Still a beginner in Scala and Spark, I think I'm just being brainless here. I have two RDDs, one of the type :-
((String, String), Int) = ((" v67430612_serv78i"," fb_201906266952256"),1)
Other of the type :-
(String, String, String) = (r316079113_serv60i,fb_100007609418328,-795000)
As it can be seen, the first two columns of the two RDDs are of the same format. Basically they are ID's, one is 'tid' and the other is 'uid'.
The question is this :
Is there a method by which I can compare the two RDDs in such a manner that the tid and uid are matched in both and all the data for the same matching ids is displayed in a single row without any repetitions?
Eg : If I get a match of tid and uid between the two RDDs
((String, String), Int) = ((" v67430612_serv78i"," fb_201906266952256"),1)
(String, String, String) = (" v67430612_serv78i"," fb_201906266952256",-795000)
Then the output is:-
((" v67430612_serv78i"," fb_201906266952256",-795000),1)

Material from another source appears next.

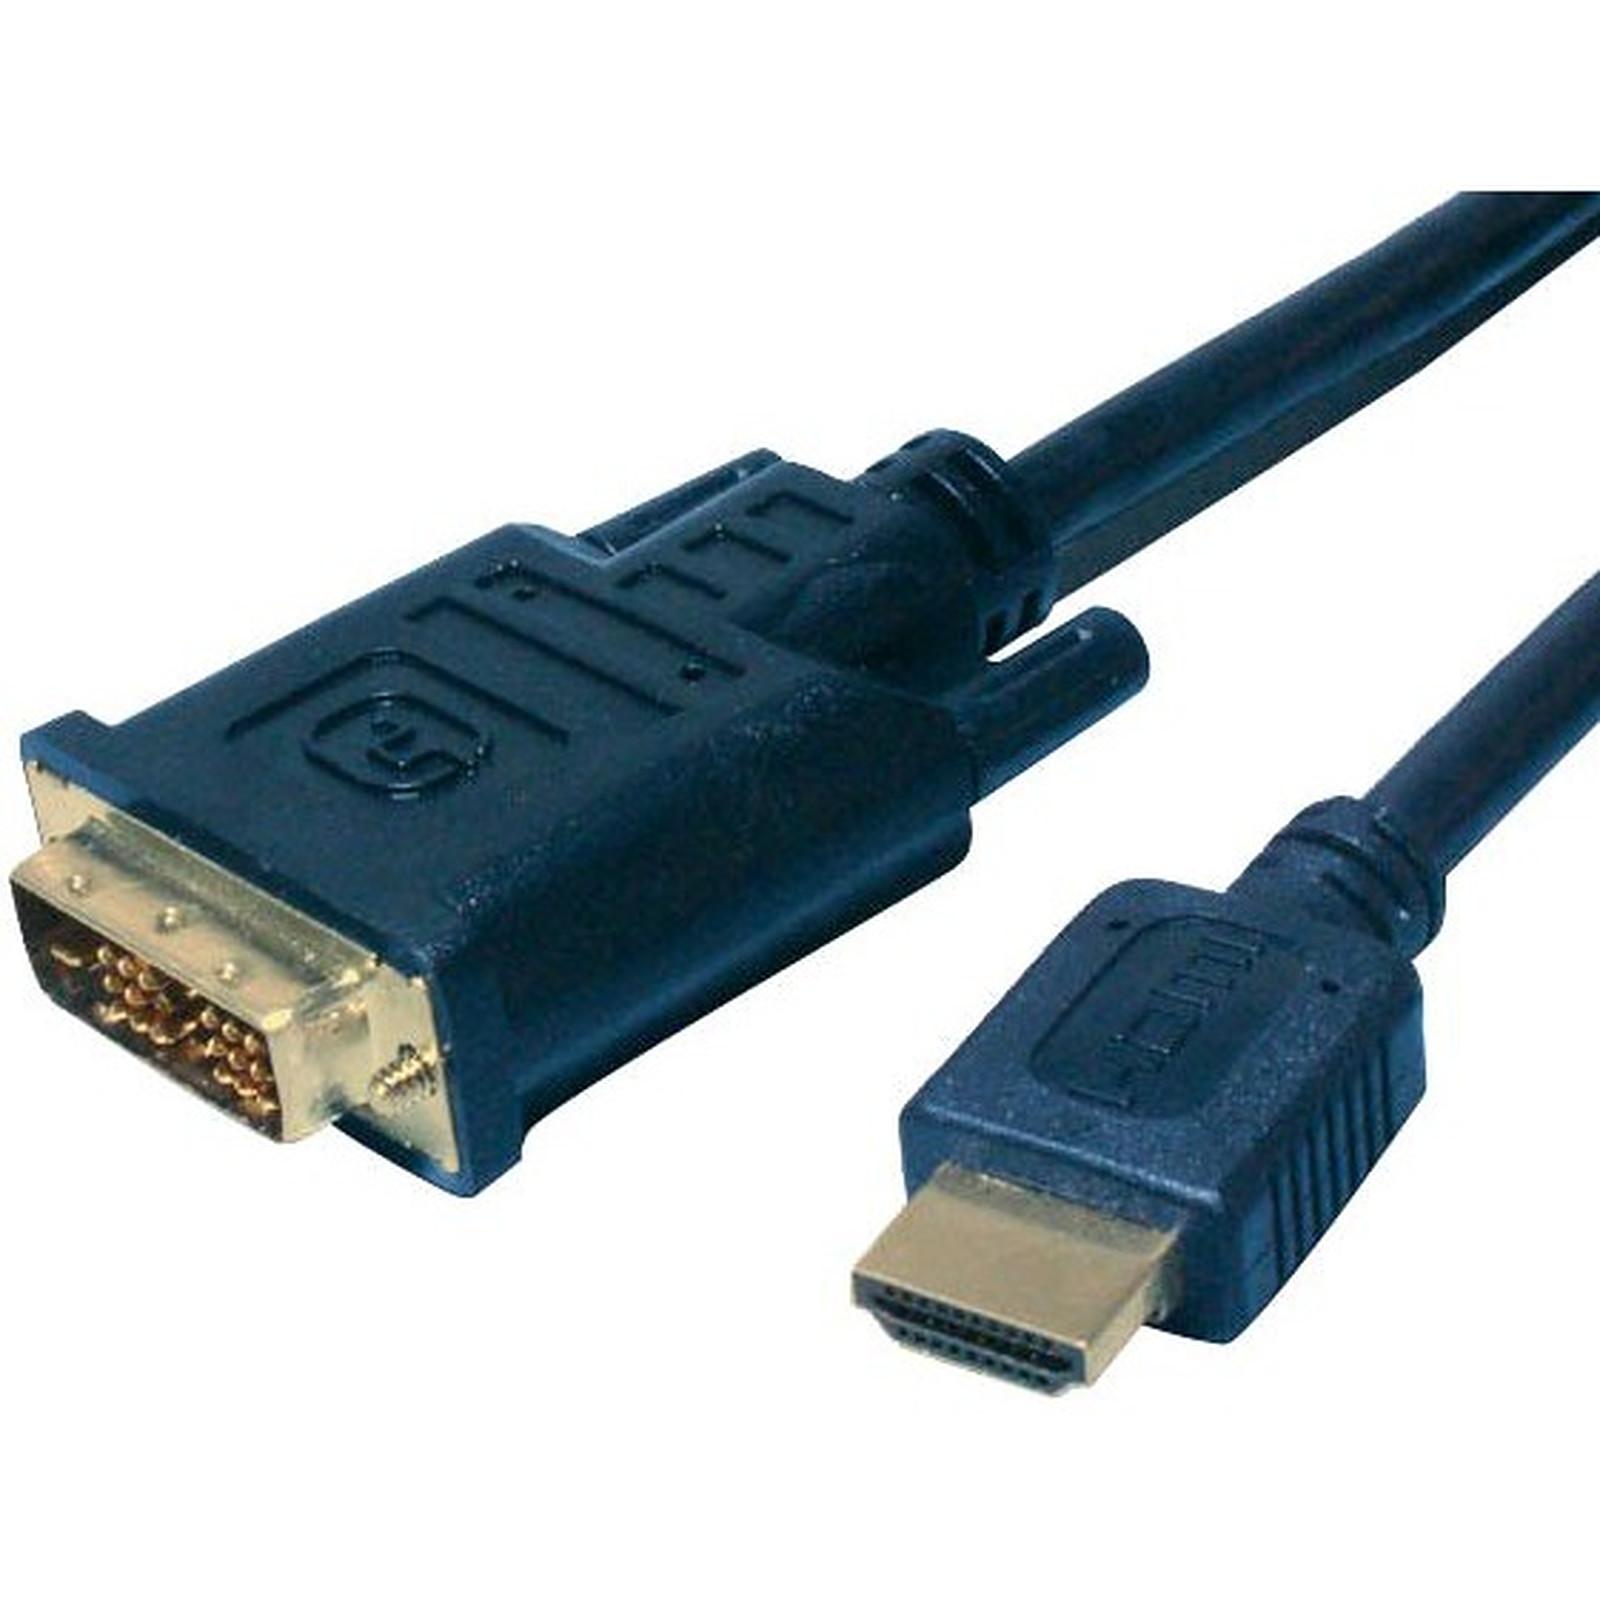 Cable DVI-D Single Link macho / HDMI macho (5 metros)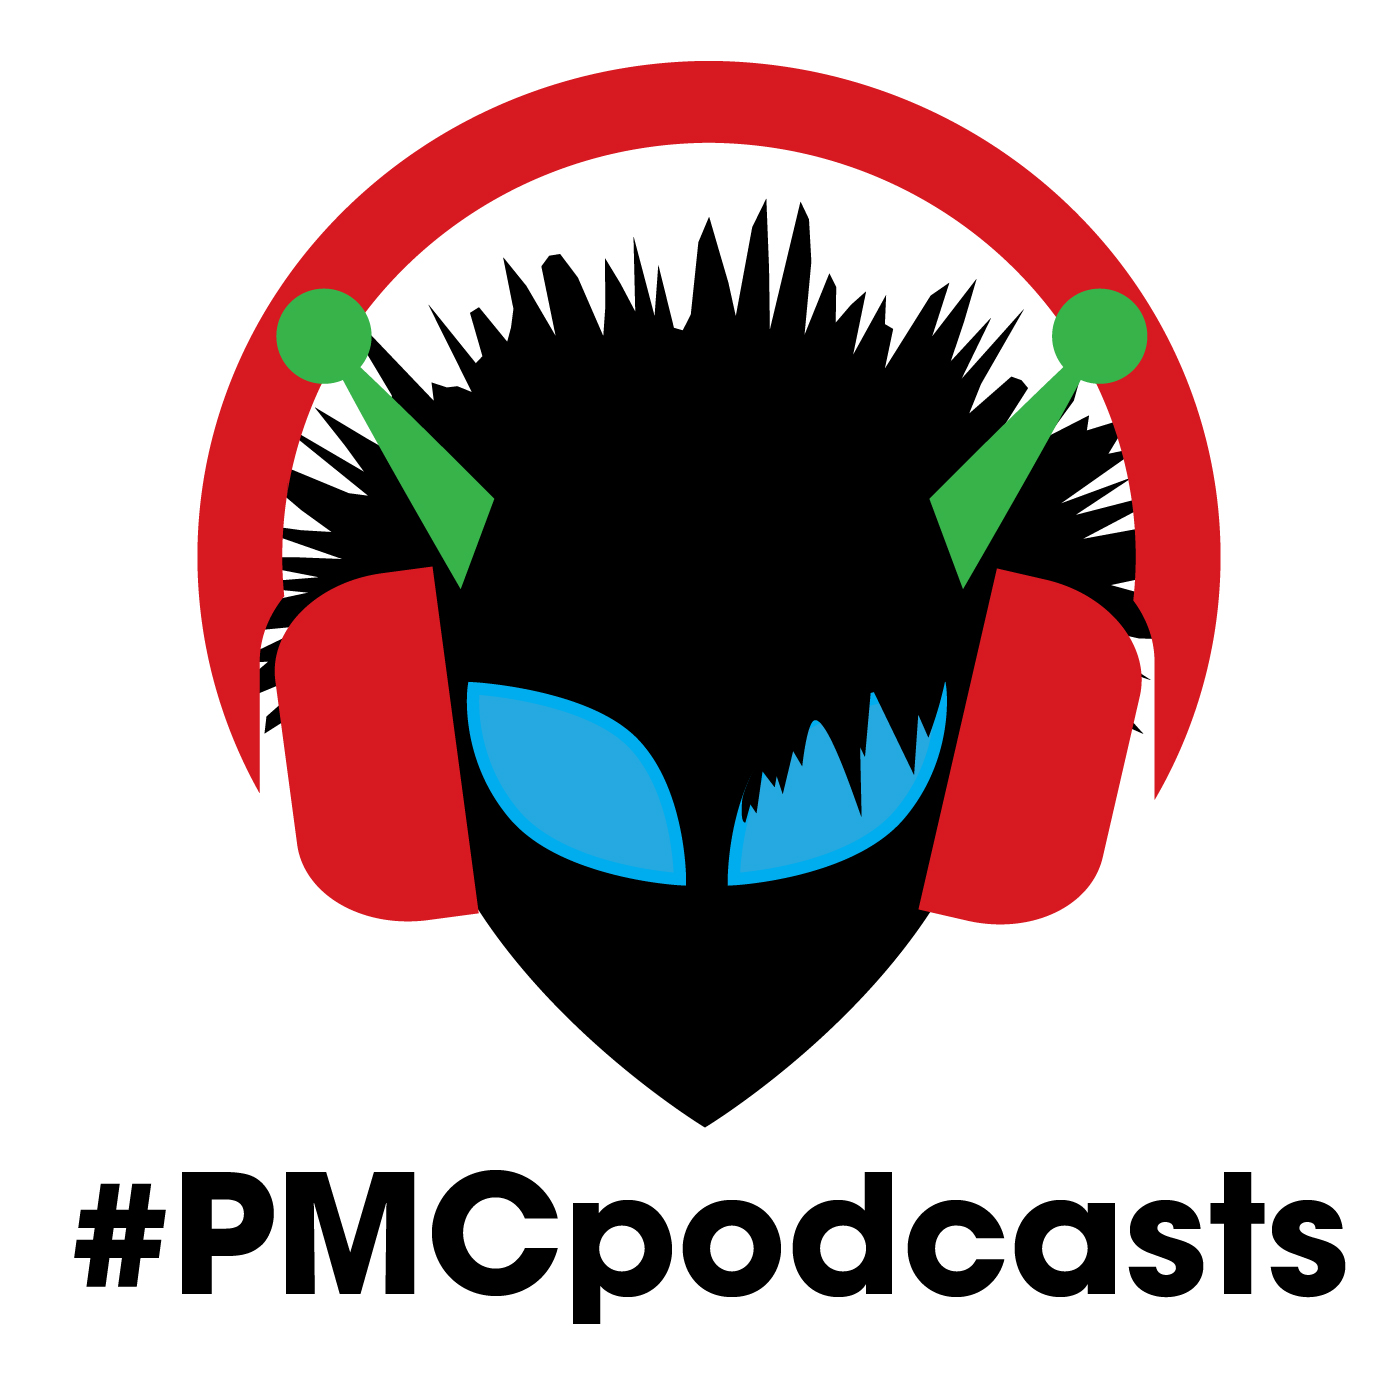 Project Peacock Podcast: Tim Freeman, Kim Tuzzo, PIA, and Melissa Jones, GAA show art

The IDs in the two RDDs are not in any fixed order. They are random i.e the same uid and tid serial number may not correspond in both the RDDs.
Also, how will the solution change if the first RDD type stays the same but the second RDD changes to type :-
((String, String, String), Int) = ((daily_reward_android_5.76,fb_193055751144610,81000),1)
I have to do this without the use of Spark SQL.